The Blue House on Tuesday announced that U.S. President Joe Biden sent a letter to President Moon Jae-in about the sanctions.  
 
"President Biden in the letter said Korea's stringent actions will send a power message supporting Ukraine's sovereignty," said Blue House spokesperson Park Kyung-mi.
 
The export controls were expected to have a major impact on Korean exports, especially smartphones.  
 
Samsung Electronics holds the biggest market share in Russia, controlling 30 percent of the smartphone market.  
 
Hyundai Motor has the biggest market share in Russia for cars of 27 percent. Cars would have come under the export ban.  
 
Korea’s exports to Russia last year only accounted for 1.6 percent of all its exports.
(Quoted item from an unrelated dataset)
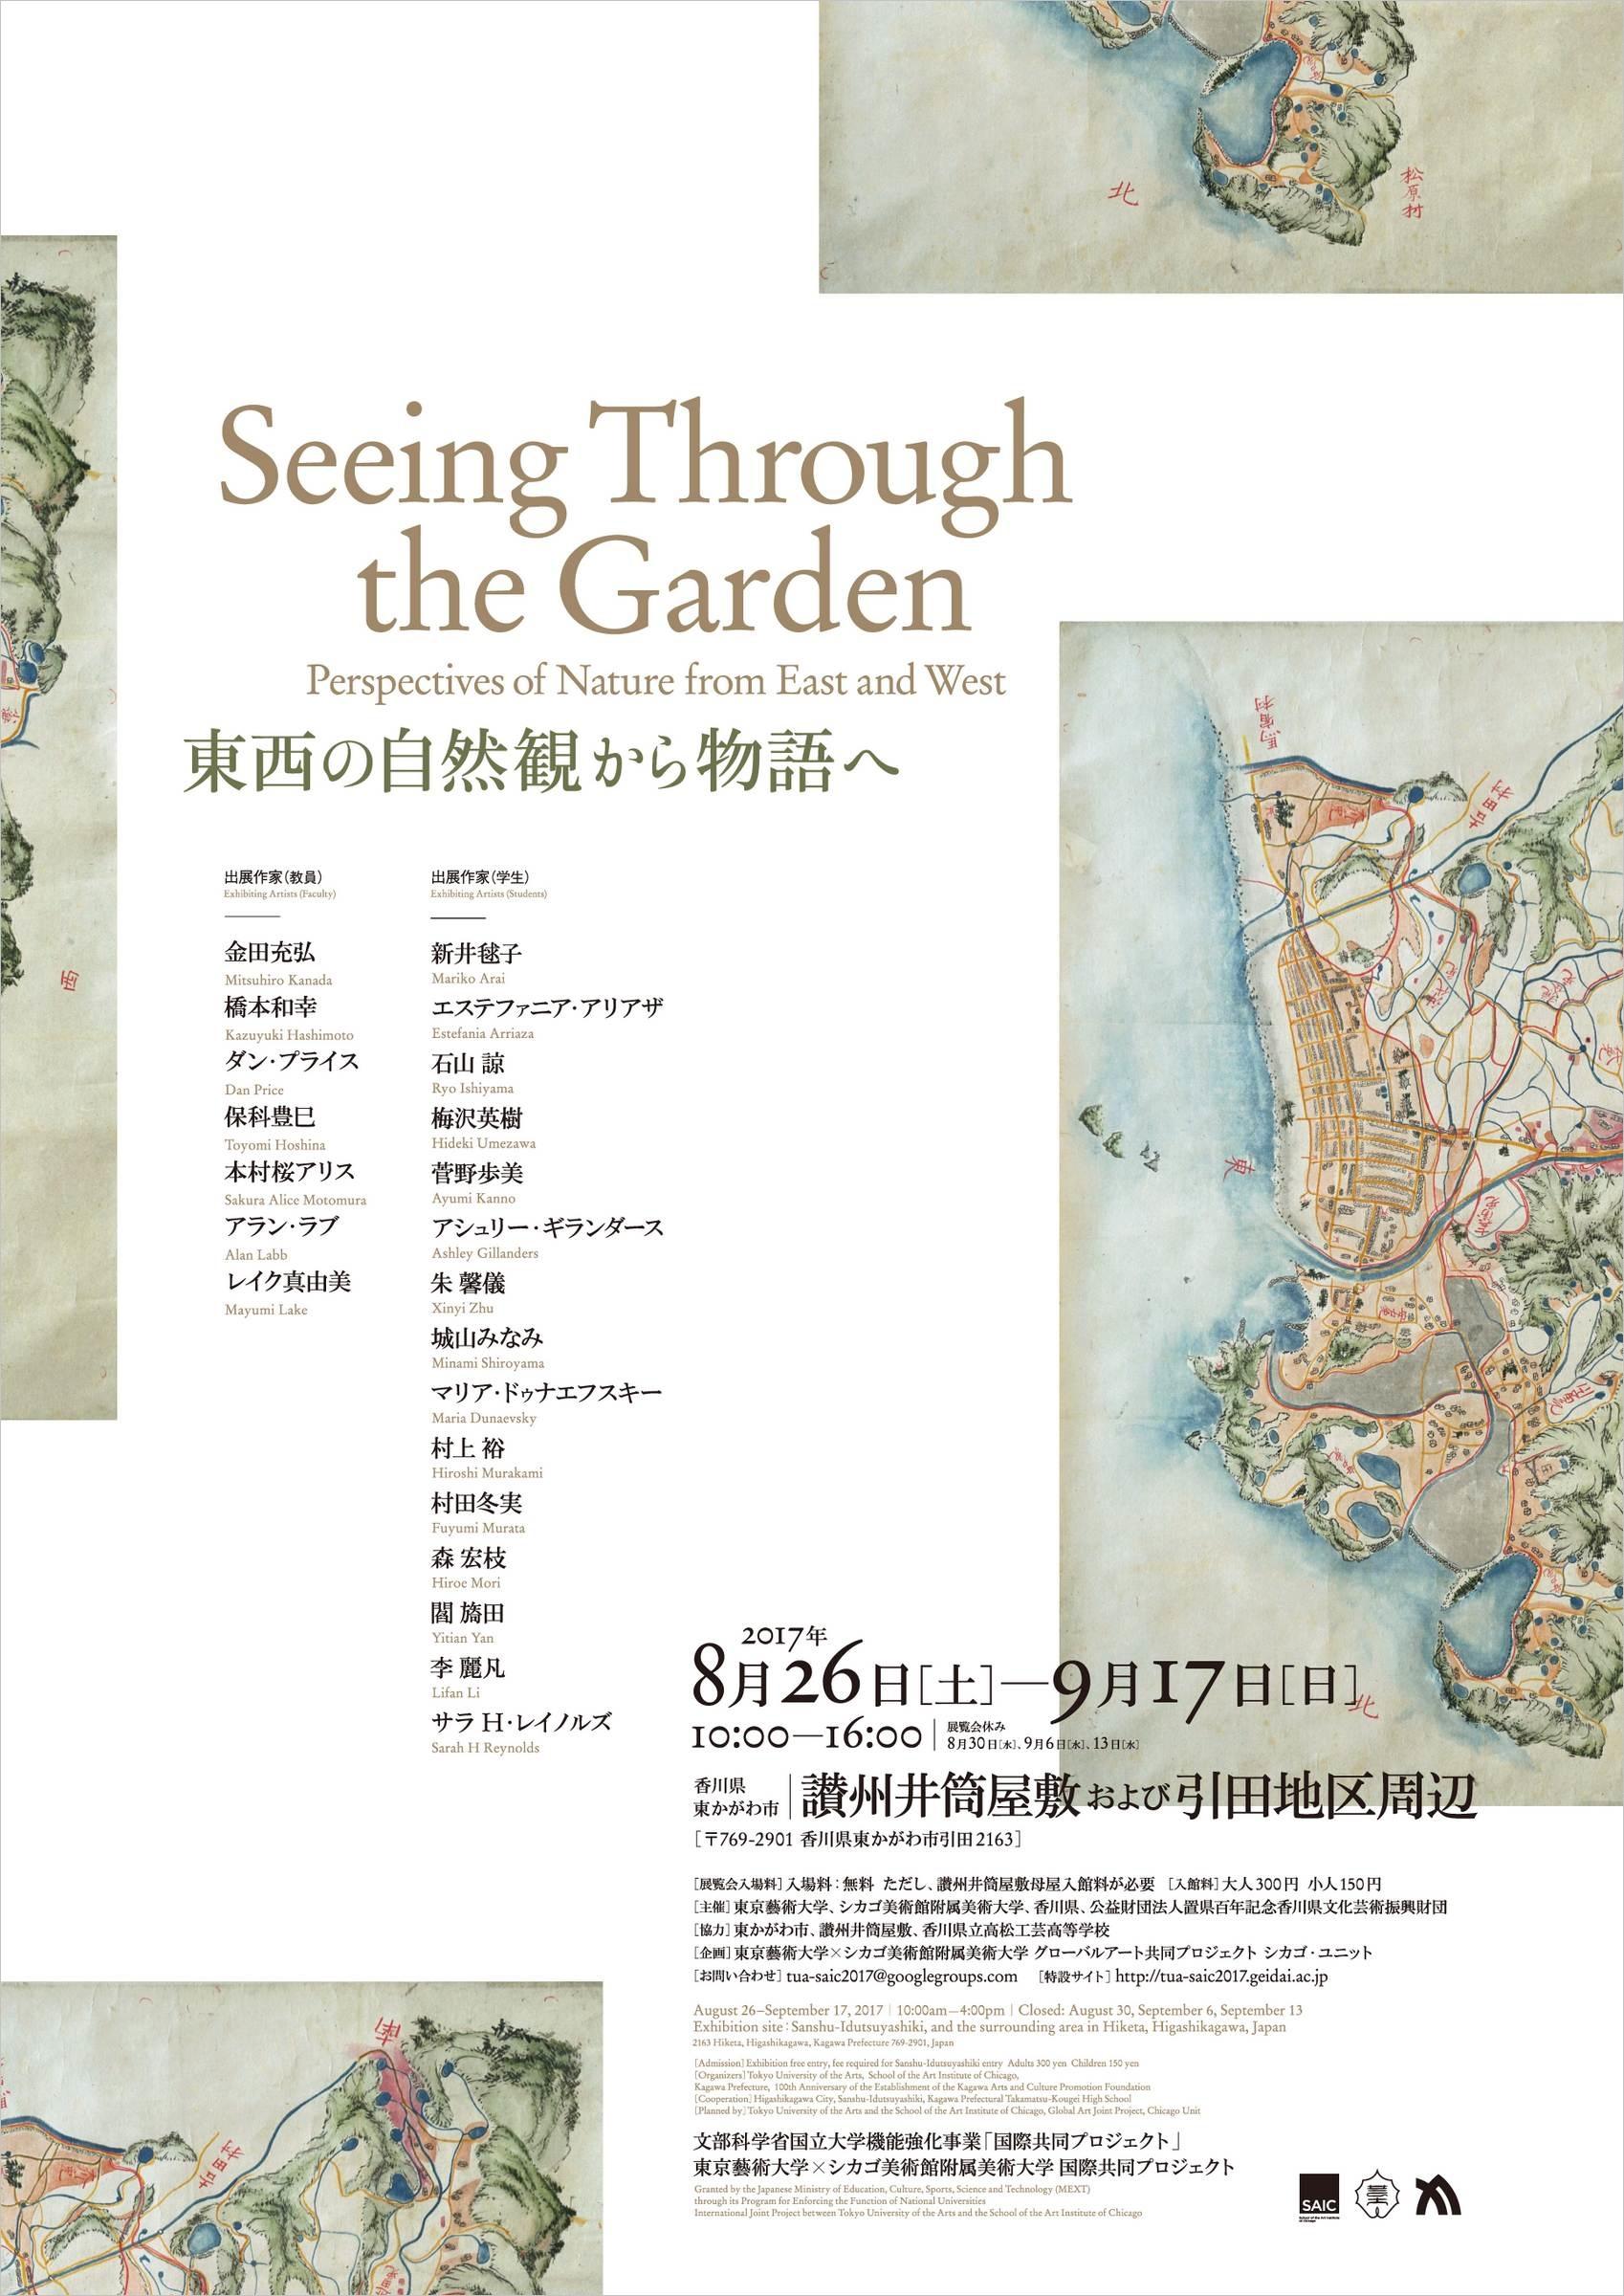 Seeing Through the Garden 東西の自然観から物語へ
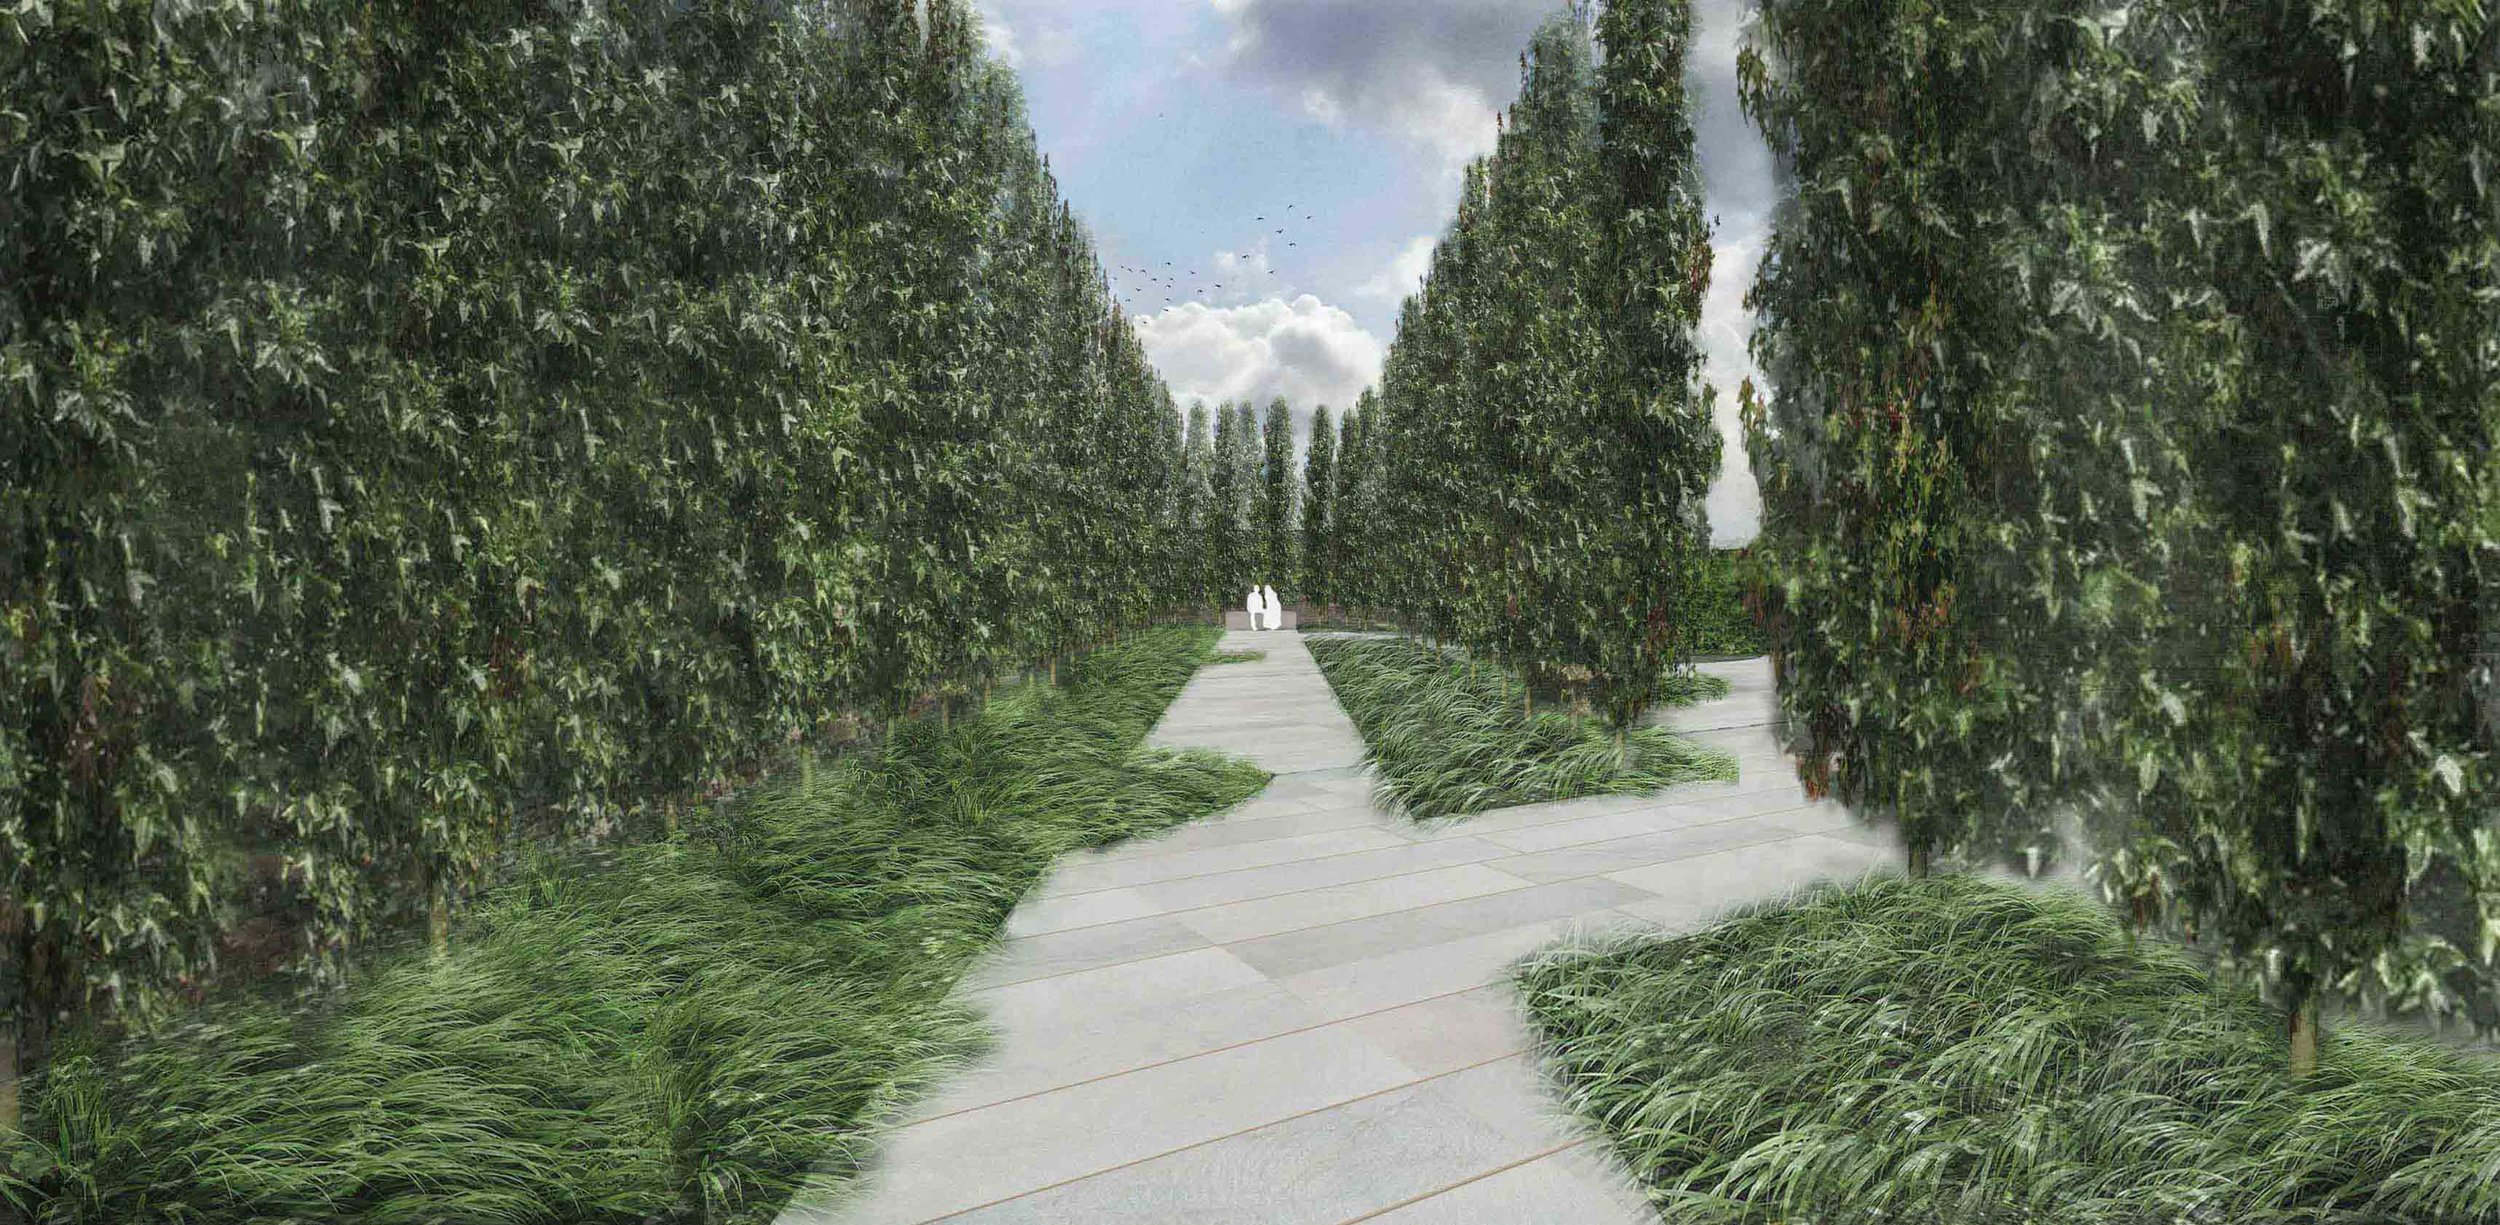 Liquidamber avenue of trees contemporary georgian garden design.jpg

Automobiles accounted for 25.5 percent and automotive parts 15.1 percent. 
 
“We, as a proud ally and partner, are pleased to join the global coalition of nations that are standing against Russia’s aggression by implementing stringent export control policies, dedicated to supporting Ukraine in its path towards peace and stability,” Trade Minister Moon Sung-wook said in a statement.  
 
“This unprecedented multilateral coordination on export controls is an essential component to ensuring our response to Russia’s invasion is swift, severe and successful,” Gina Raimondo, Commerce Secretary said. “I’m proud to accept the ROK’s commitment to that effort.”  
  
Meanwhile Russia included Korea among countries it has labeled as "unfriendly" along with the Ukraine, the U.S., EU, Japan, Canada, U.K. Australia, New Zealand, Singapore and Taiwan.  
 
Being listed as an unfriendly country temporarily bans non-Russian residents of Russia from wiring foreign currency to the country; prohibits Russian companies and government entities from paying debts to creditors in countries labeled unfriendly in dollars; and requires all transactions between companies in countries labeled unfriendly and Russian companies or residents to be approved by the Russian Commission on Monitoring Foreign Investment.  
 
Trade Minister Yeo Han-koo presided over a meeting Tuesday to assess the situation.  
 
“Our country as a responsible member of the international society has joined the sanctions against Russia and as a result was listed by the Russian government as unfriendly,” said Yeo.  
 
The Russian currency, which was trading around 70 to 80 against the U.S. greenback before the Ukraine invasion, has depreciated to 150 to the dollar.  
 
With the value of the ruble falling, Korean companies like shipbuilders may have trouble getting paid by Russian customers.